The main issue I'm having right now is that I cannot get LandLock to only accept the bind-mount if the LANDLOCK_ACCESS_FS_MOUNT rule is carried directly by the mount point, and not its parent directories. I tried to achieve this by adding the extra bind-mount check (in fs.c: 1144-1163 of the referenced patch). To do this I pass the parent of the target directory as the mt_root argument for the collect_domain_accesses function, hoping that it stops collecting rules at the parent, effectively only collecting the rules carried by the mount point, but this does not seem to be the case, as the parents' rules keep getting collected also.

In other words, the bug in the patch is that it allows mounts even when one of the mount point parent directories has the rule. This is a problem, as aloowing bind-mounts under an existing bind-mount can open a pathway for policy bypass.
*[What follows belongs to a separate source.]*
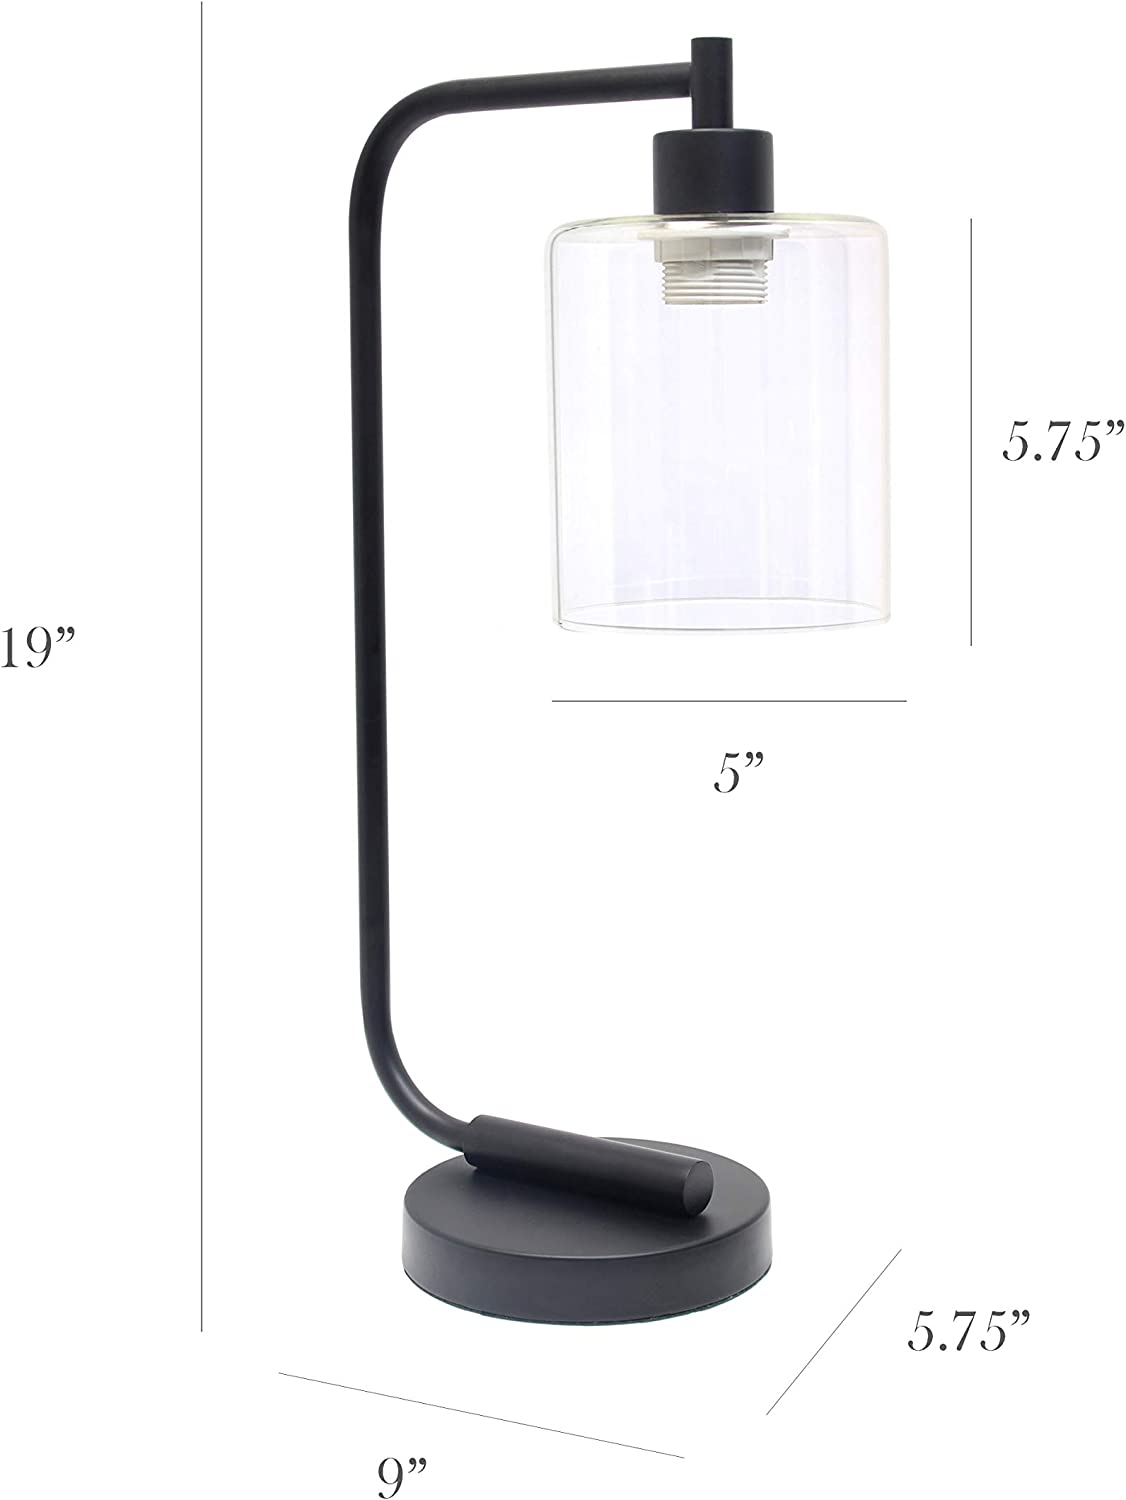 Simple Designs LD1036-BLK, Black Bronson Antique Style Industrial Iron Lantern Glass Shade Desk Lamp

This is an example of a policy bypass that can be achieved if we allow inheritance of the mount point rule. Consider the following directory structure. First we bind-mount /tmp/public to /usr/local/share using the --shared-mount option. This is allowed because /usr/local/share does carry the mount rule and there is no privileges gained (though execution is dropped). Then we bind-mount /bin/exe to /usr/local/share/b. This is allowed because the mount point rule is inherited from b's parent, share and there is no privilege change between /bin/exe and /usr/local/share/b/exe, they both have only RW. However, because the first mount was a shared-mount, the exe mount also propagates under /tmp/public/b through which it can now be executed, hence the privilege escalation!

I considered intercepting the propagate system call, but did not have success with that, so I think the best way to mitigate this is to modify the rule checking behavior for mount point, such that it cannot be inherited, which brings us back the issue I'm having with that patch. I just need a way to collect and check the rules carried by a single directory.